── COLLECTED DATA

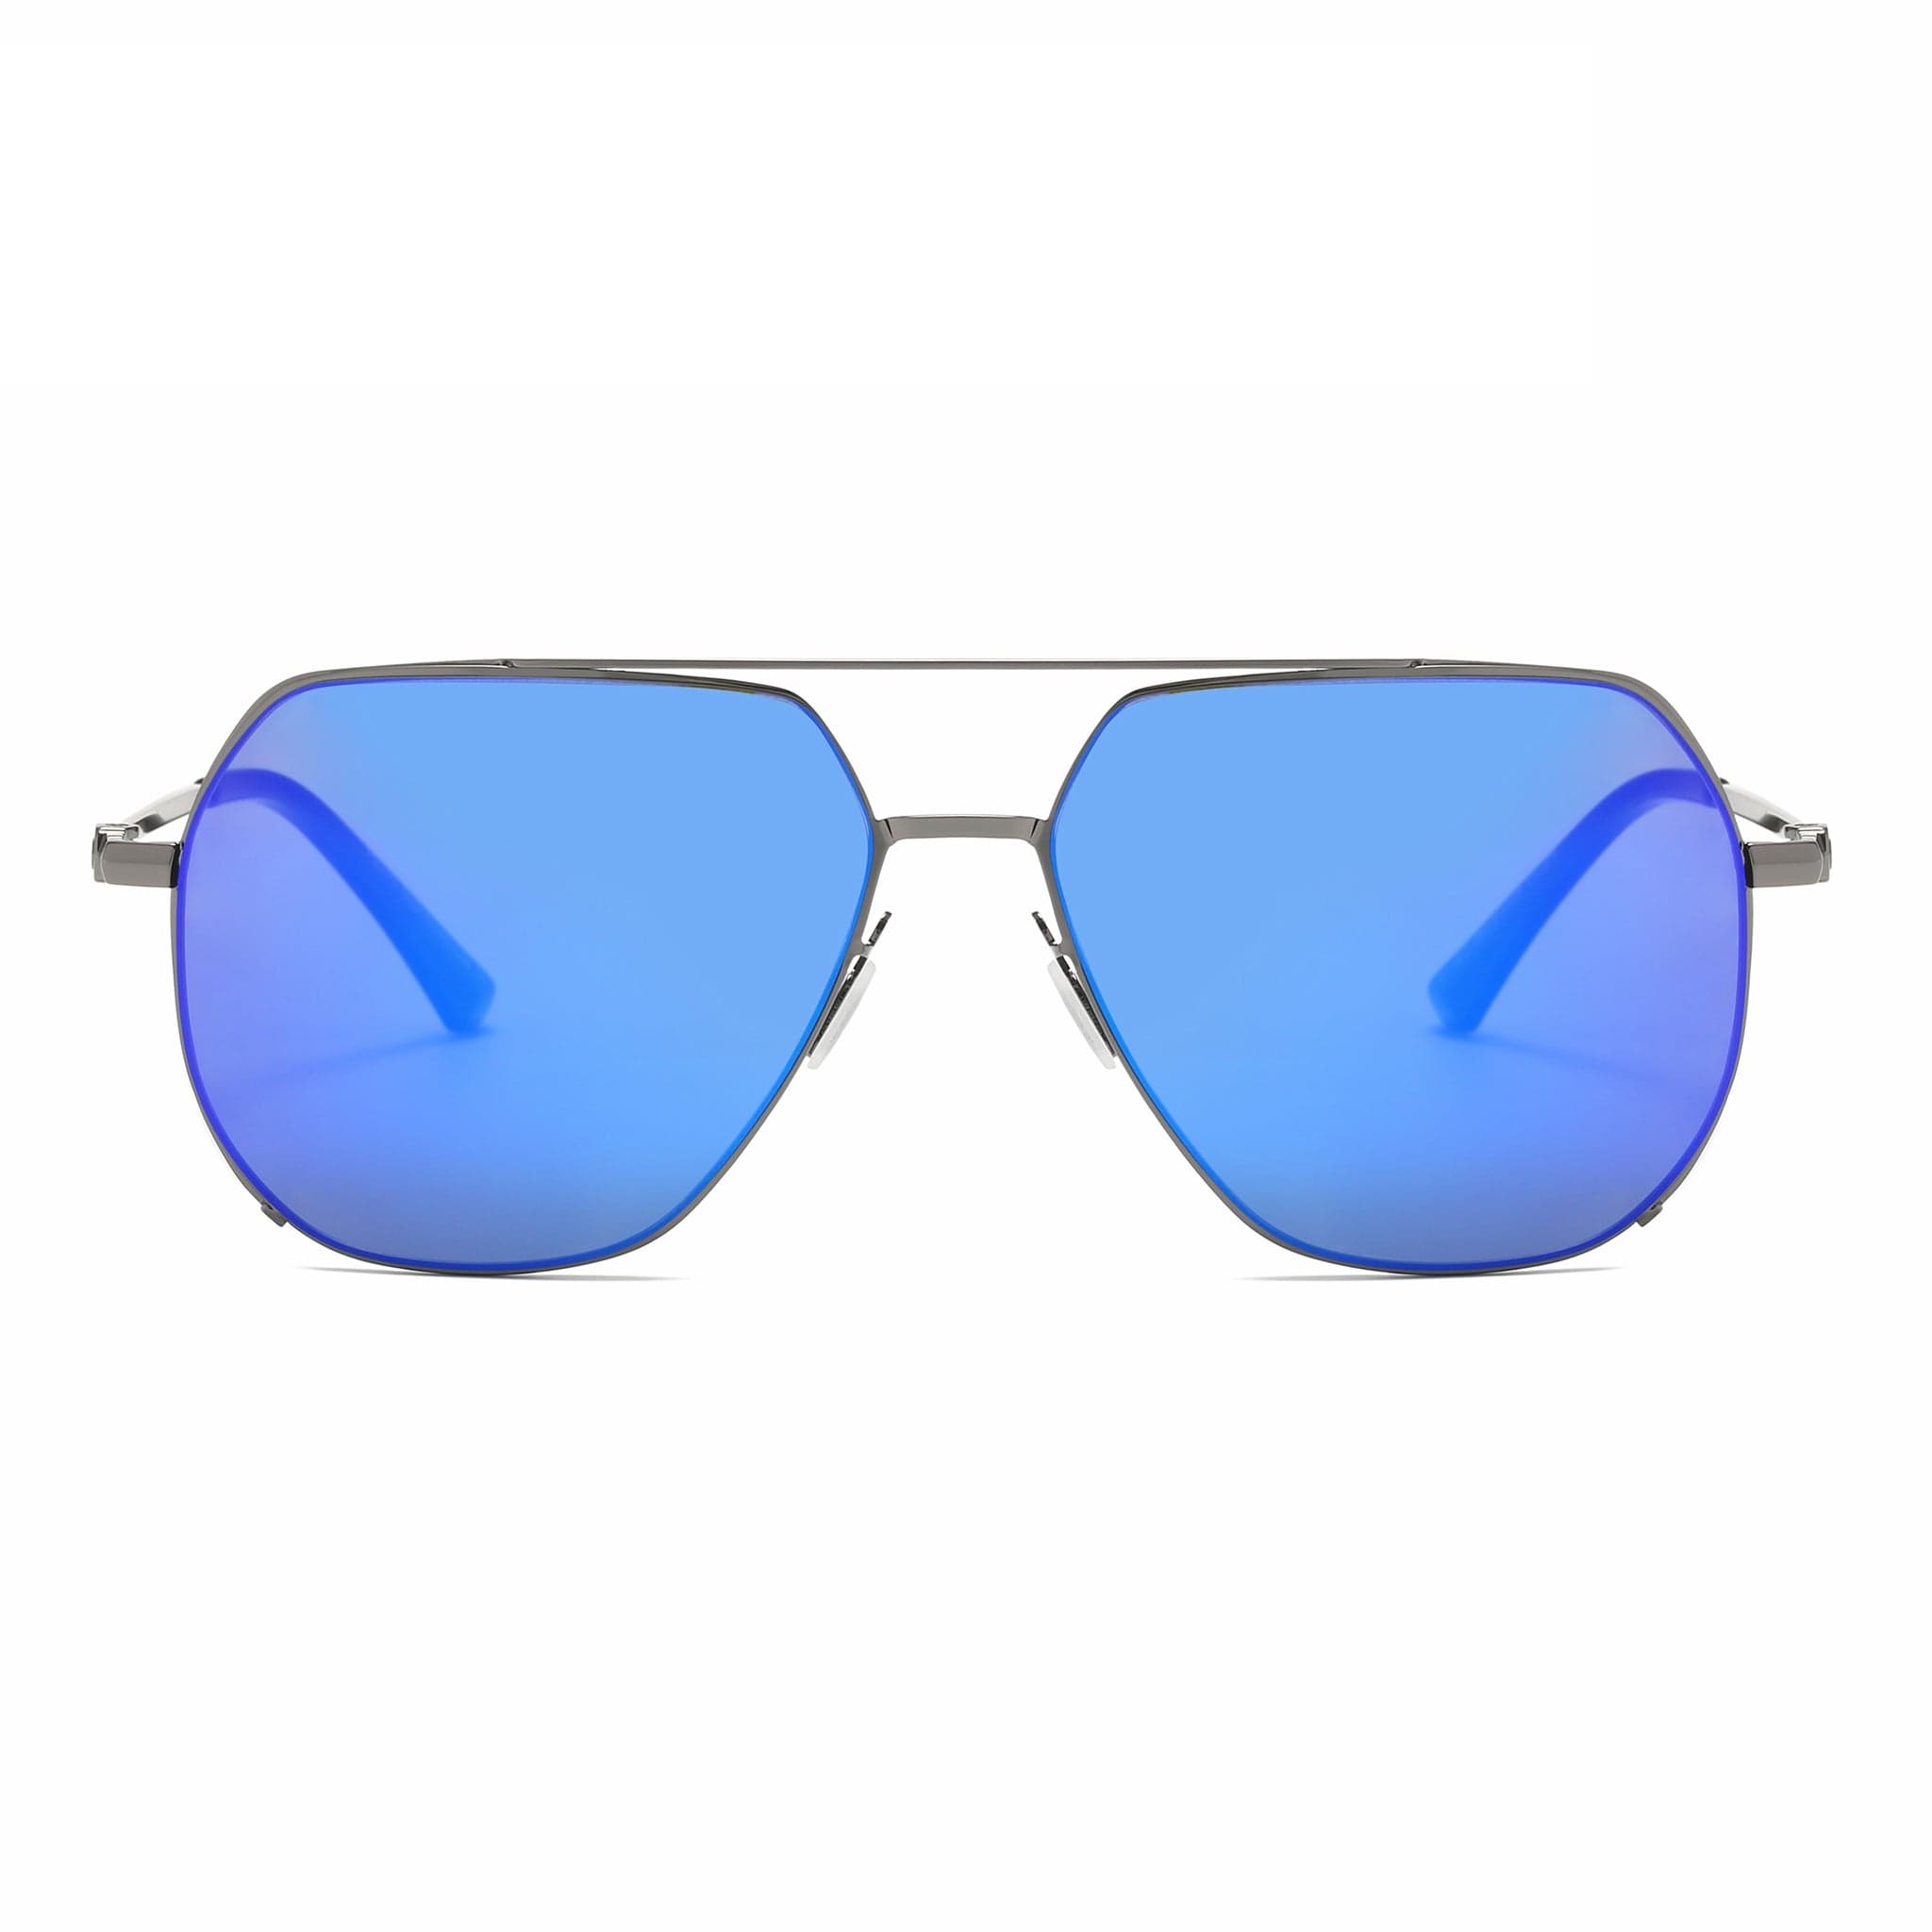 GIUSTIZIERI VECCHI Sunglasses Medium / Cornflower Blue Roma Aviator Duo
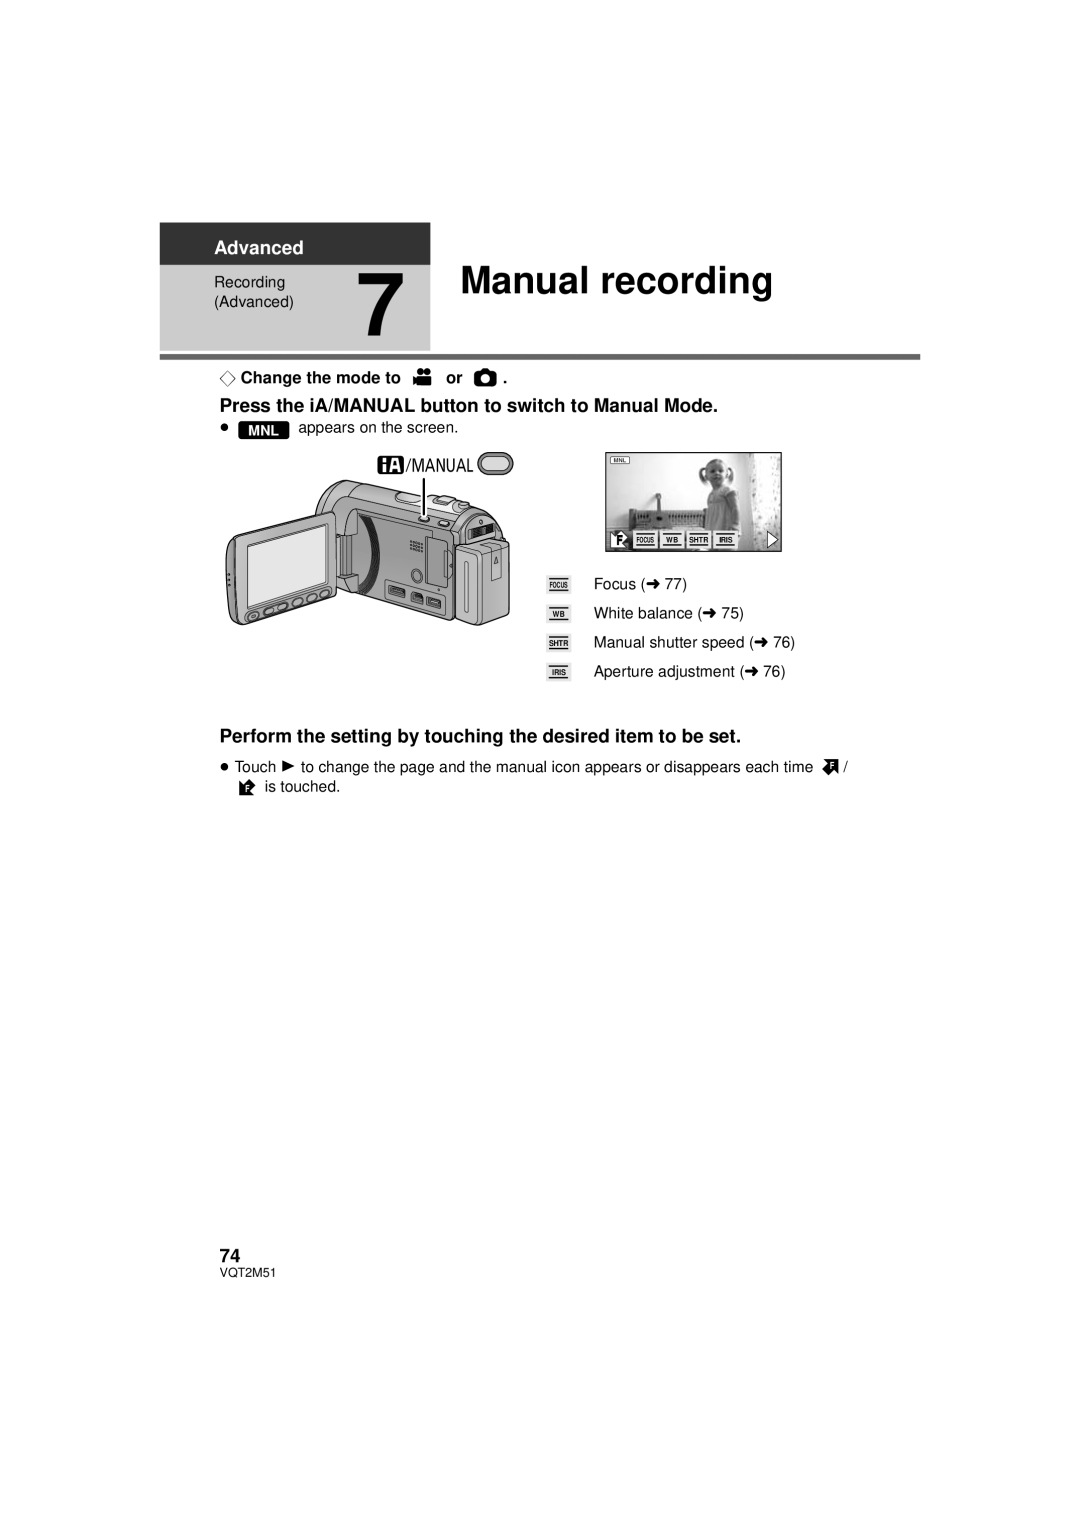 Panasonic HDC-TM55P/PC, HDC-SD60P/PC Manual recording, Press the iA/MANUAL button to switch to Manual Mode, Advanced 
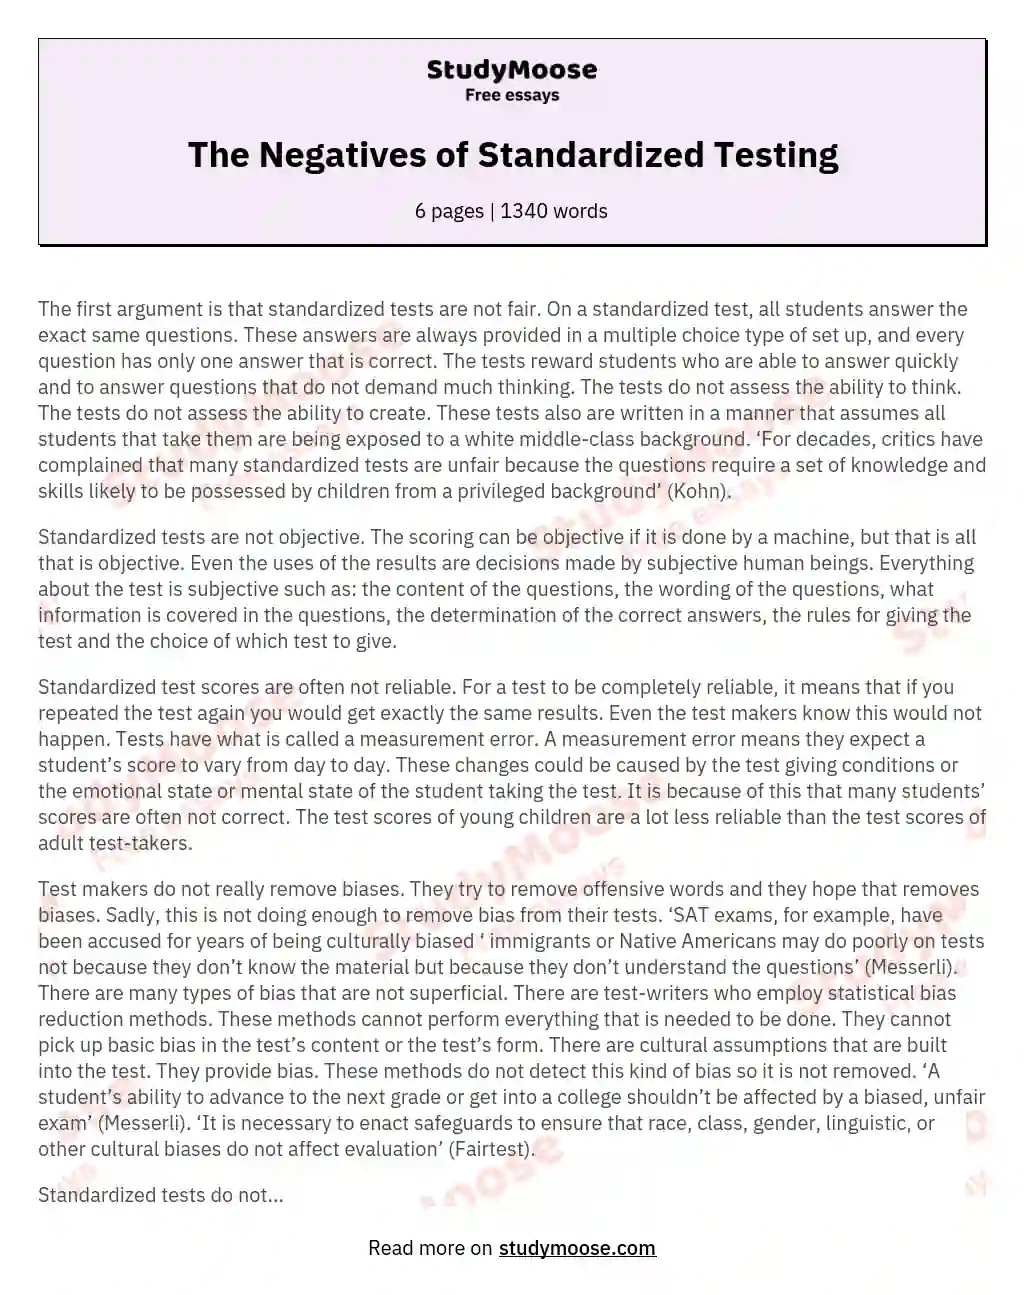 The Negatives of Standardized Testing essay
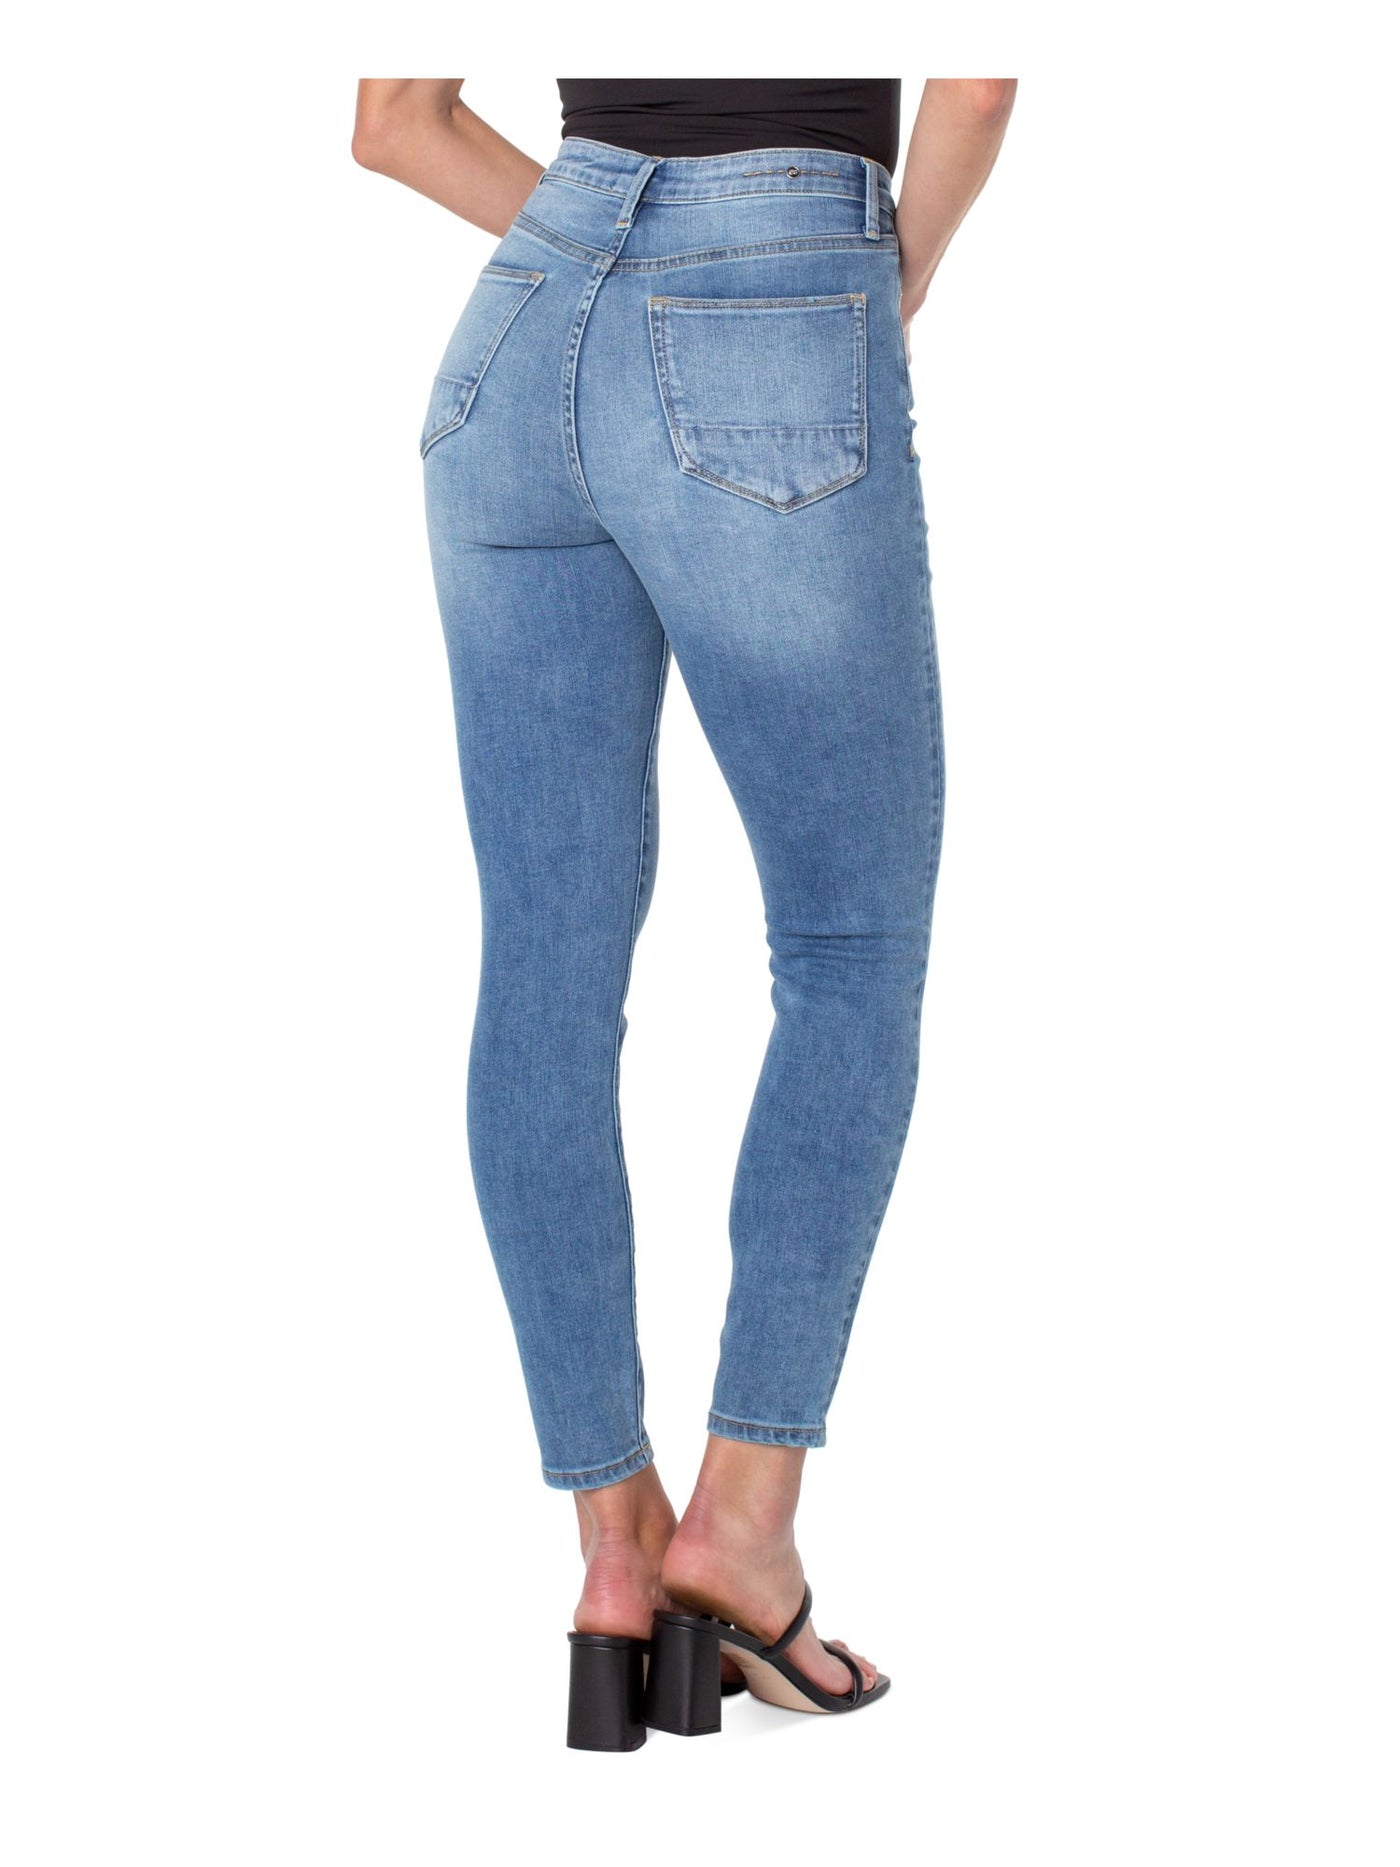 EARNEST SEWN NEW YORK Womens Blue Zippered Pocketed Skinny High Waist Jeans Juniors 33

────

[EXERCISE OBJECTIVE] A word-for-word copy of the listing is the goal; keep every picture out of it.

[WRITTEN RESPONSE]
 GIUSTIZIERI VECCHI Sunglasses Medium / Cornflower Blue Roma Aviator Duo
 Panasonic HDC-TM55P/PC, HDC-SD60P/PC Manual recording, Press the iA/MANUAL button to switch to Manual Mode, Advanced 
 The Negatives of Standardized Testing essay
 EARNEST SEWN NEW YORK Womens Blue Zippered Pocketed Skinny High Waist Jeans Juniors 33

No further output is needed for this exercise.